Geçen hafta sevgili dostum Kaan Ark, toplamı en az 10 kilo gelen bir çanta dolusu kitap koydu önüme...
Hepsi de Gençlik Hizmetleri Daire Başkanlığı’nın yayını...
Neler var, neler.. Kurtuluş Savaşı’nın, Çanakkale’nin gerçeklere dayalı, hurafelere bulanmamış, Mustafa Kemal’in dehasını anlatan çizgi romanları. İngilizce ve Türkçe resimli Nasreddin Hoca fıkraları... Dünya edebiyatından klasik roman özetleri... Eğitim setleri... Öğretmen kızım Nilüfer, siyasetten soyutlanmış eserlerin her birini hayranlıkla övdü.
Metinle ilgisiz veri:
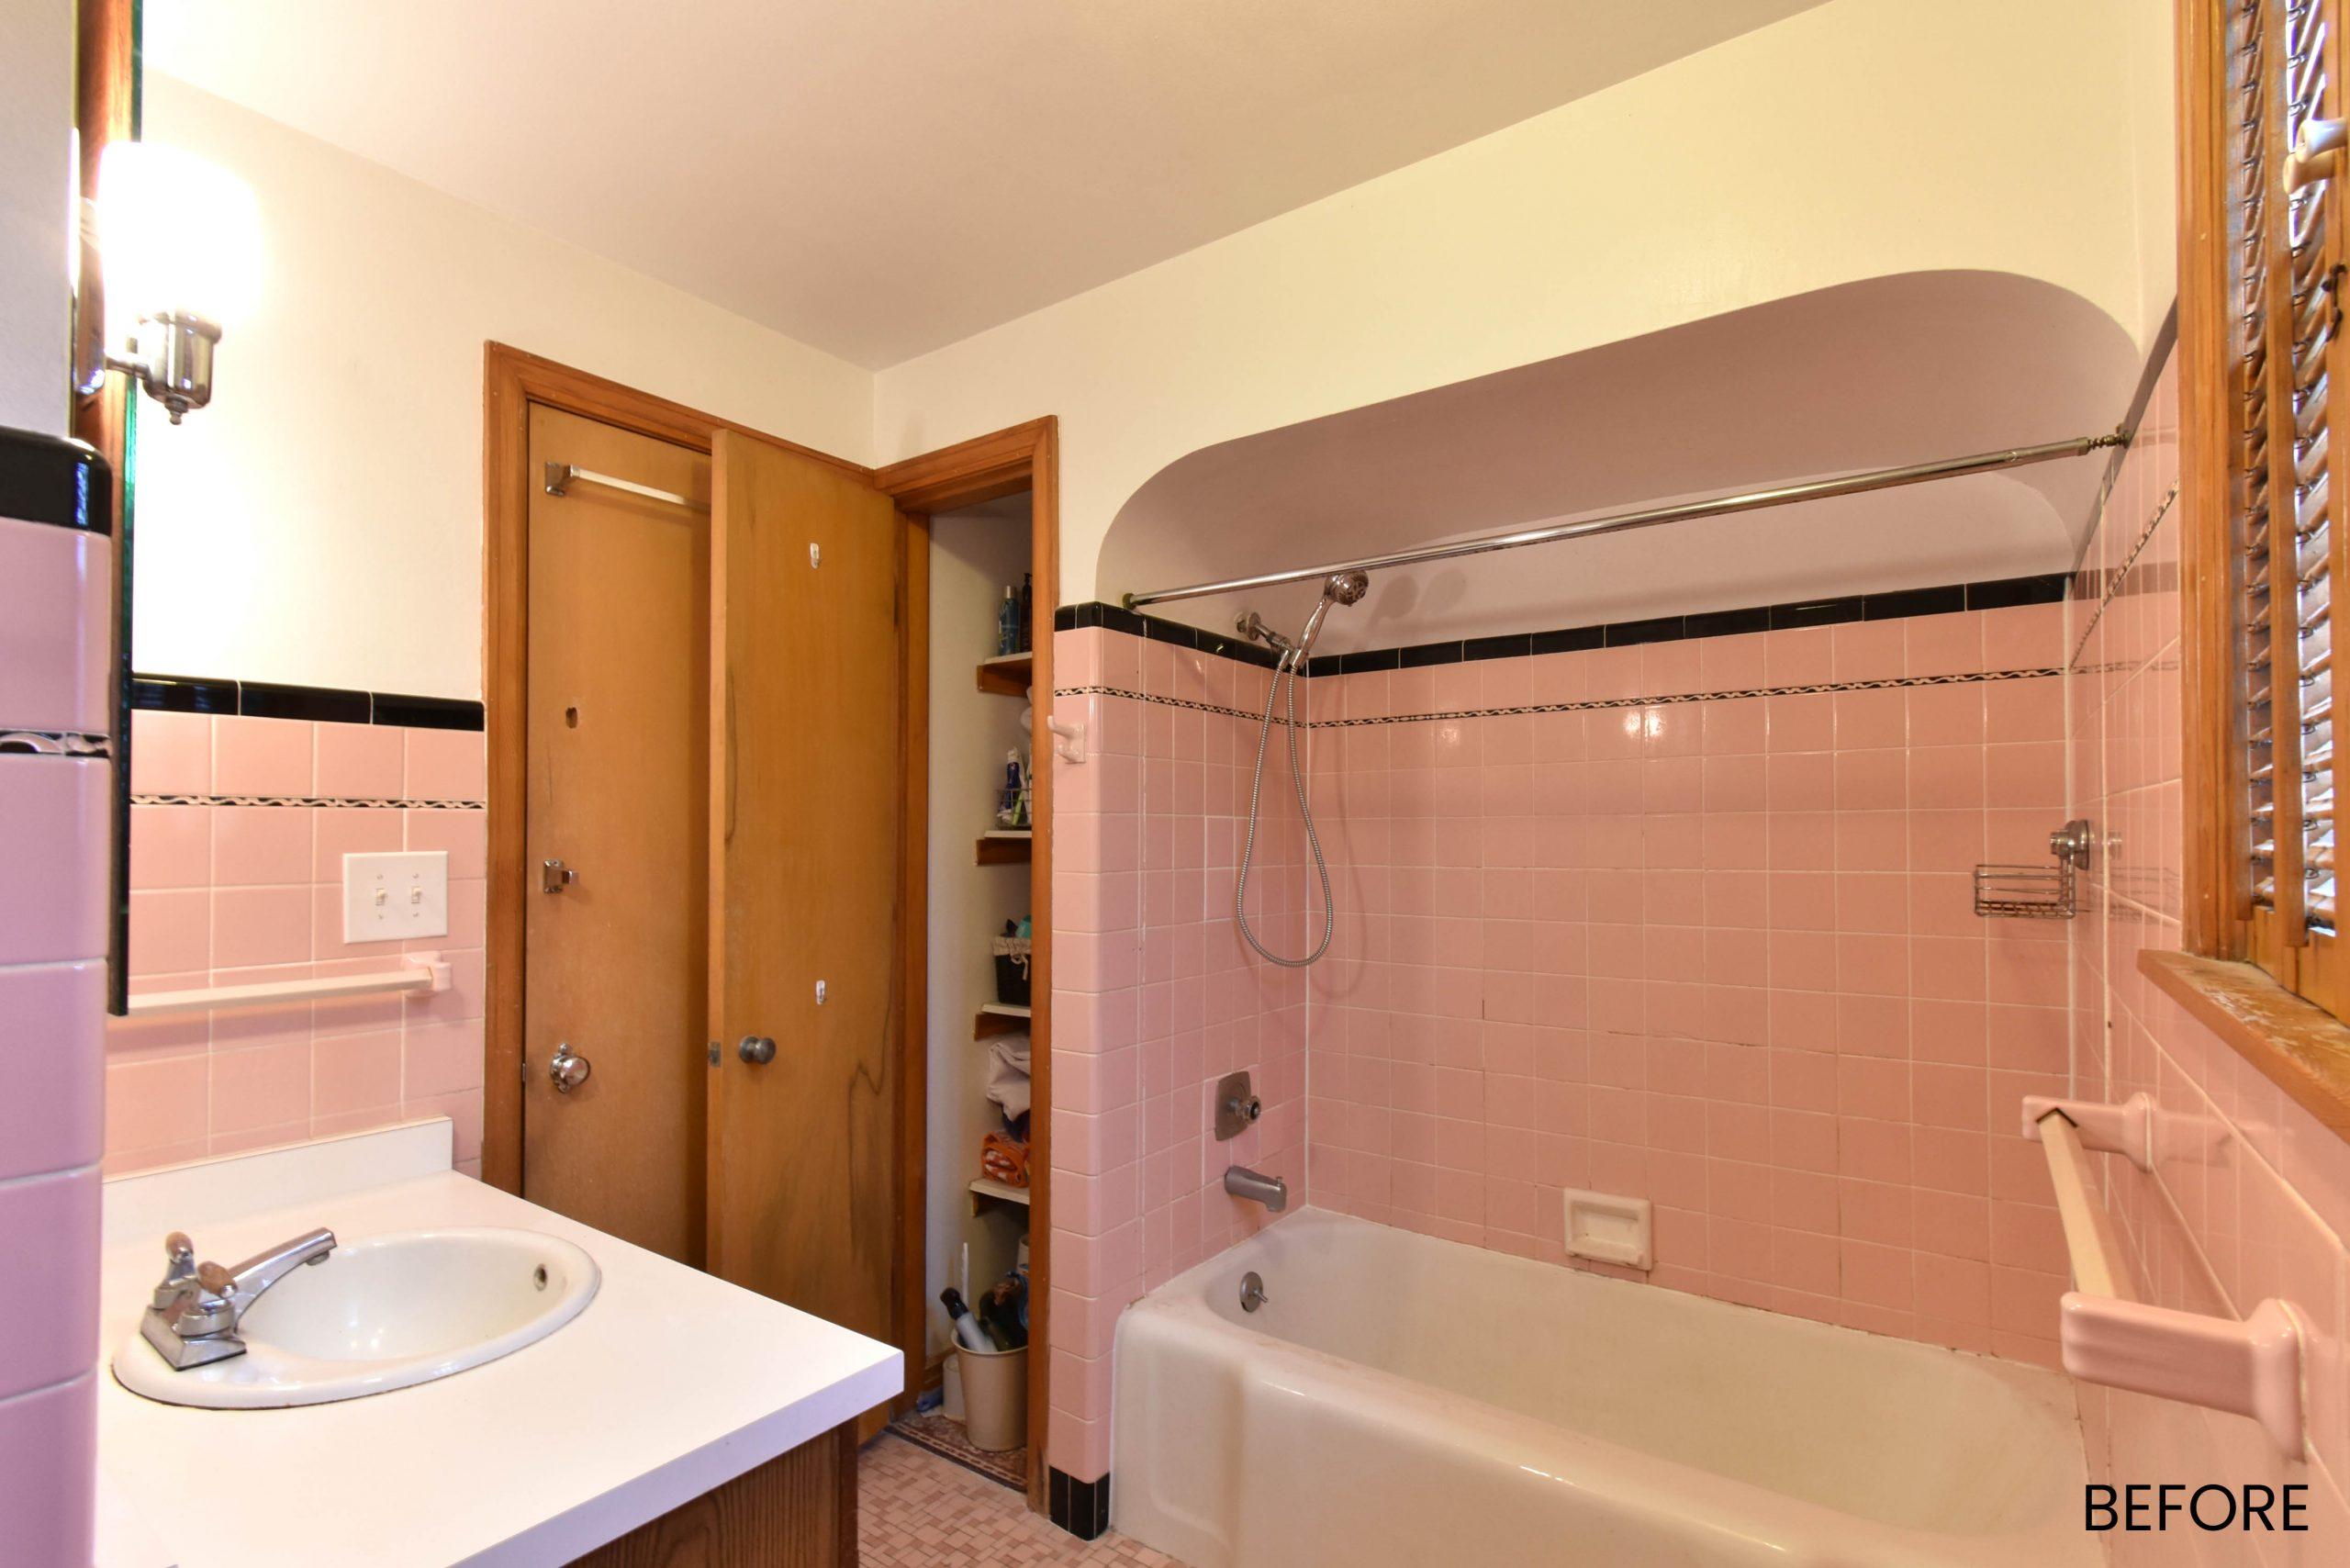 Wauwatosa-pink-bath-remodel-1565

Bir de “Hepibiz” projesi var ki heyecanlandım... Gençlik merkezleri uygulamasıyla coştum.
Gençlik Hizmetleri Daire Başkanı Adnan Gül’ü (rahat olun, Cumhurbaşkanı ile akrabalığı yok) içtenlikle kutluyorum.
Genel Müdür dostum Yunus Akgül’ü de...
Bravo... Ne cevherler varmış sizde!

Vefalı biri
Herkes Fenerbahçe’nin, Galatasaray’ın, Beşiktaş’ın peşindeydi. O, Vefa’nın ardına düştü.
Herkes “penaltıydı-değildi, top çizgiyi geçti-geçmedi” tartışmalarında kaybolup gitmişken, O, oyunun içindeki insanı aradı.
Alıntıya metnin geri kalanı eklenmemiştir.